Most critics of the welfare establishment think people would rather work than be on the dole, and rail against perverse incentives that make it financially unwise to take a job. Rhetorically, most on the Left agree with the notion that welfare dependents are eager to work… but in practice, they’re deeply wedded to the idea that only upper-class Americans can thrive and prosper without massive government assistance.
Hillary Clinton said as much, right after she dumped her “basket of undesirables” stinker, in comments that haven’t gotten much attention:
But the other basket, the other basket, and I know because I see friends from all over America here. I see friends from Florida and Georgia and South Carolina and Texas, as well as you know New York and California. But that other basket of people who are people who feel that government has let them down, nobody cares about them, nobody worries about what happens to their lives and their futures, and they are just desperate for change.
It doesn’t really even matter where it comes from. They don’t buy everything he says but he seems to hold out some hope that their lives will be different. They won’t wake up and see their jobs disappear, lose a kid to heroin, feel like they’re in a dead-end. Those are people we have to understand and empathize with as well.
She was acknowledging that Donald Trump tapped into a sense of disappointment and alienation among a significant portion of voters… and she thinks what they’re disappointed about is that government isn’t big enough.

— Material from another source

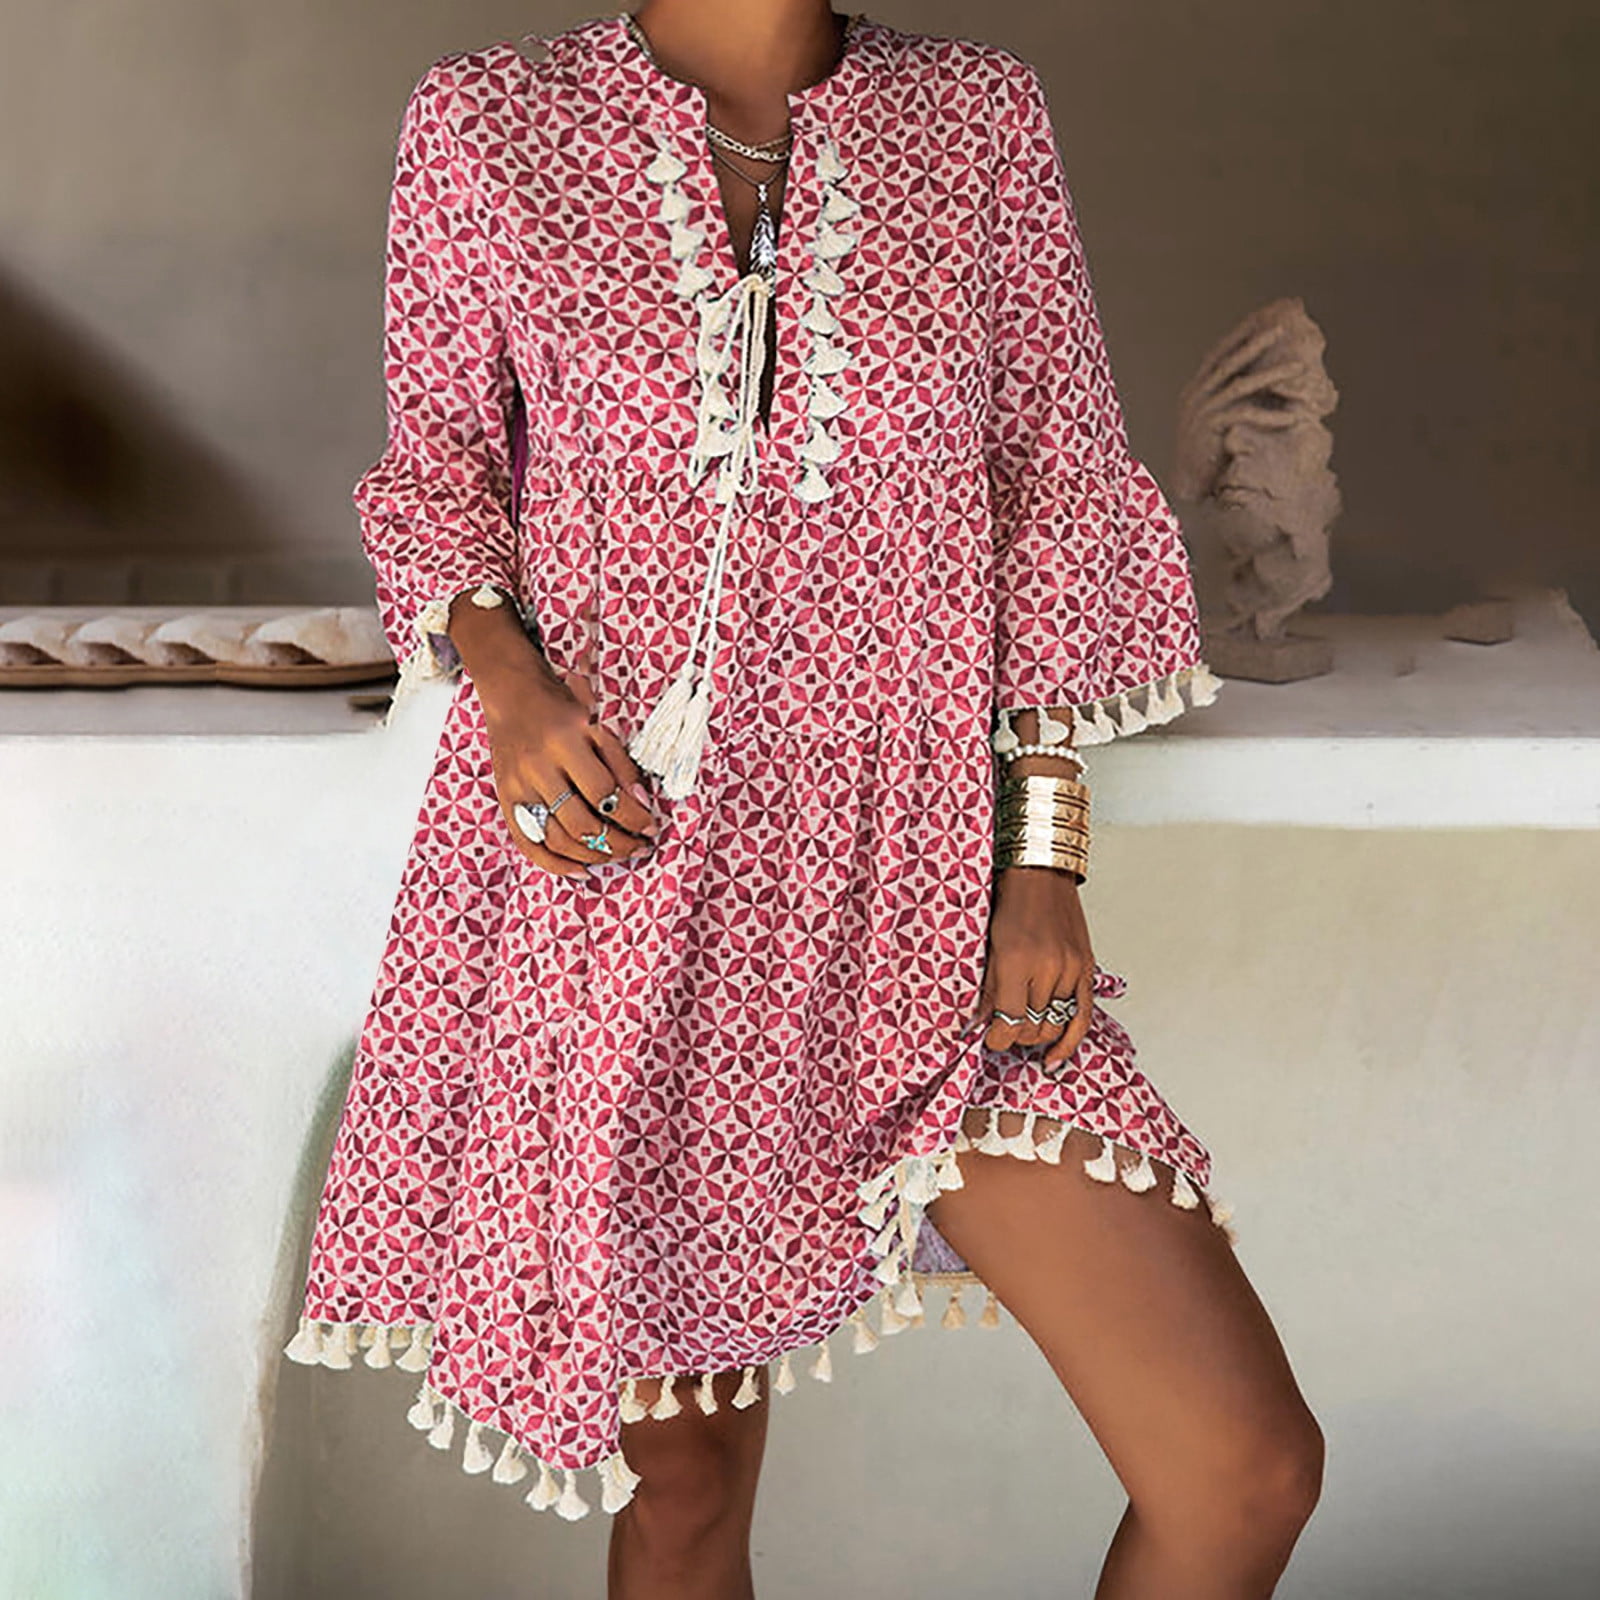 Floenr for Women,Fashion Women Summer Casual Print Dress V-Neck Short ...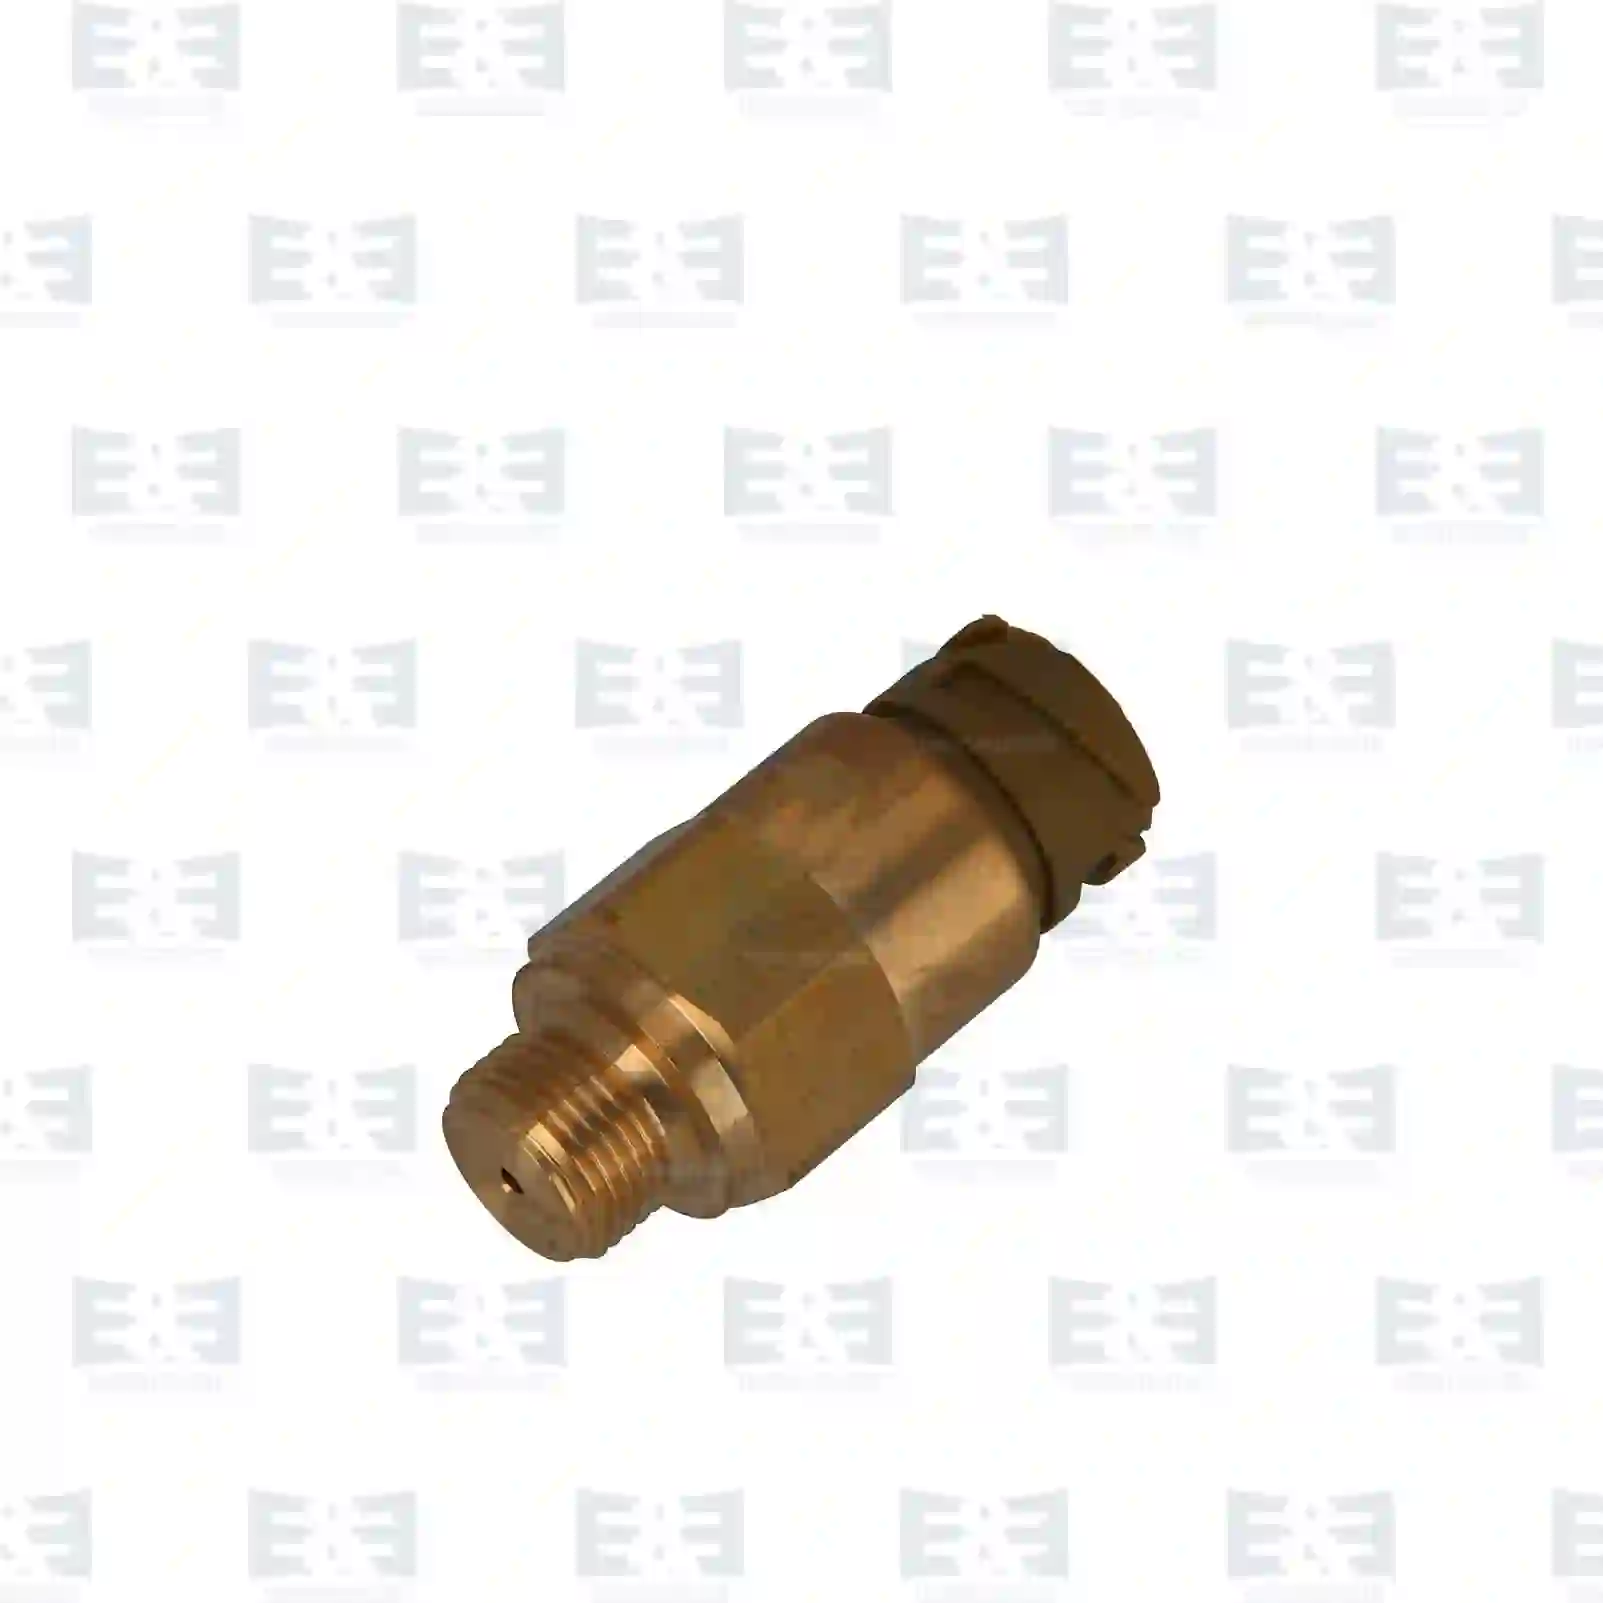 Pressure sensor, 2E2200589, 51274210247, 51274210263, 07W130758B, ZG20727-0008 ||  2E2200589 E&E Truck Spare Parts | Truck Spare Parts, Auotomotive Spare Parts Pressure sensor, 2E2200589, 51274210247, 51274210263, 07W130758B, ZG20727-0008 ||  2E2200589 E&E Truck Spare Parts | Truck Spare Parts, Auotomotive Spare Parts

The welfare state vending machine is politically jammed, and it’s not dispensing enough goodies to them.
And, for the record, she’s dead wrong about those folks feeling neglected. No, they feel like they’re under attack by people like Hillary Clinton, armed with the compulsive power of the almighty central government. They’re very much aware of those big Clinton Foundation donors and Obama cronies making out like bandits while the rest of the economy limps through low-growth doldrums.
They know Clinton and her fellow travelers view them as irredeemable, deplorable enemies to be subdued. On a good day, the Left tells itself the deplorables must be defeated and controlled for their own good, frog-marching them into a better society, but such good days come with decreasing frequency. The more powerful the State becomes, the more its acolytes need to think of the designated losers in their centrally-planned schemes as wretched creatures who deserve what’s coming to them.